# shark bait



## kahala boy (Oct 1, 2007)

Has anyone used blue runners for bait? I'm talking the big ones 14-18 inch ones


----------



## User6882 (Feb 4, 2009)

yes they r GREAT bait


----------



## King Mike (Apr 15, 2008)

they work great for me. i use them every chance i get.


----------



## Turbow (Mar 7, 2008)

I will take them over just about anything.


----------



## Herculined (Apr 27, 2008)

I have never used those. hard tails work pretty good, but recently I started going to the seafood market and they will sometimes have bonita for $5. The bonita has made a huge difference in the amount of hits I have gotten.


----------



## Chris V (Oct 18, 2007)

Herculined, a hardtail and a blue runner are the same thing.

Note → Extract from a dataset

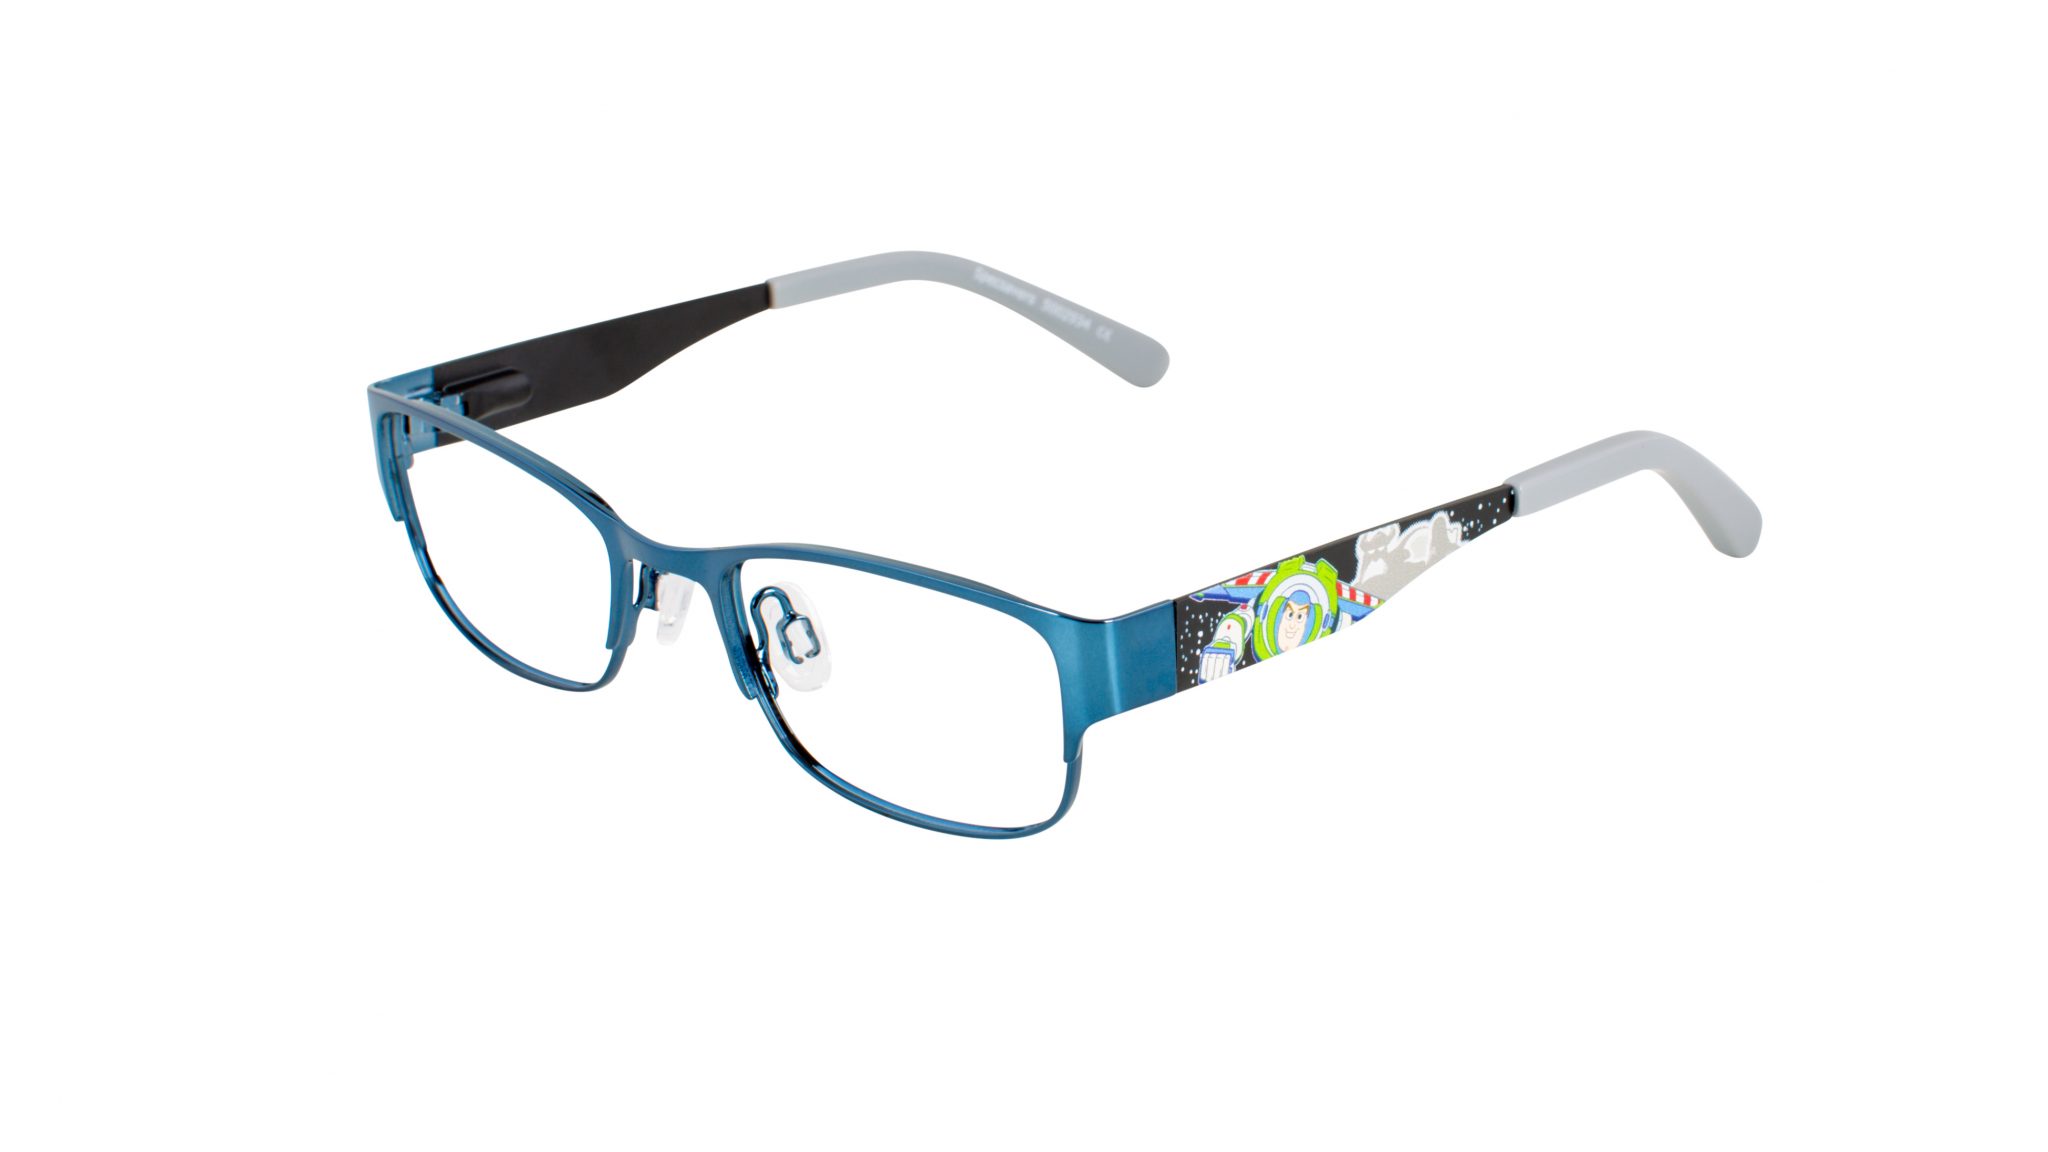 Specsavers are now stocking Toy Story 4 frames and the kids will love them

I caught my biggest blacktip on a butterflied blue runner/hardtail.


----------



## Herculined (Apr 27, 2008)

Well, they work pretty good. I've have never heard them called blue runners.


----------



## Chris V (Oct 18, 2007)

Blue runner is their actual common name. Hardtail is just a nickname.


----------



## Herculined (Apr 27, 2008)

Now I know, and knowing is half the battle.


----------



## IanR (Jun 10, 2008)

live hardtails have worked ok for me. i prefer live over dead anyday tho. I did have a huge spinner, 7' easy, hit a hardtail as soon as i got back to the beach. set the hook, skyed, then landed on the line :reallycrying


----------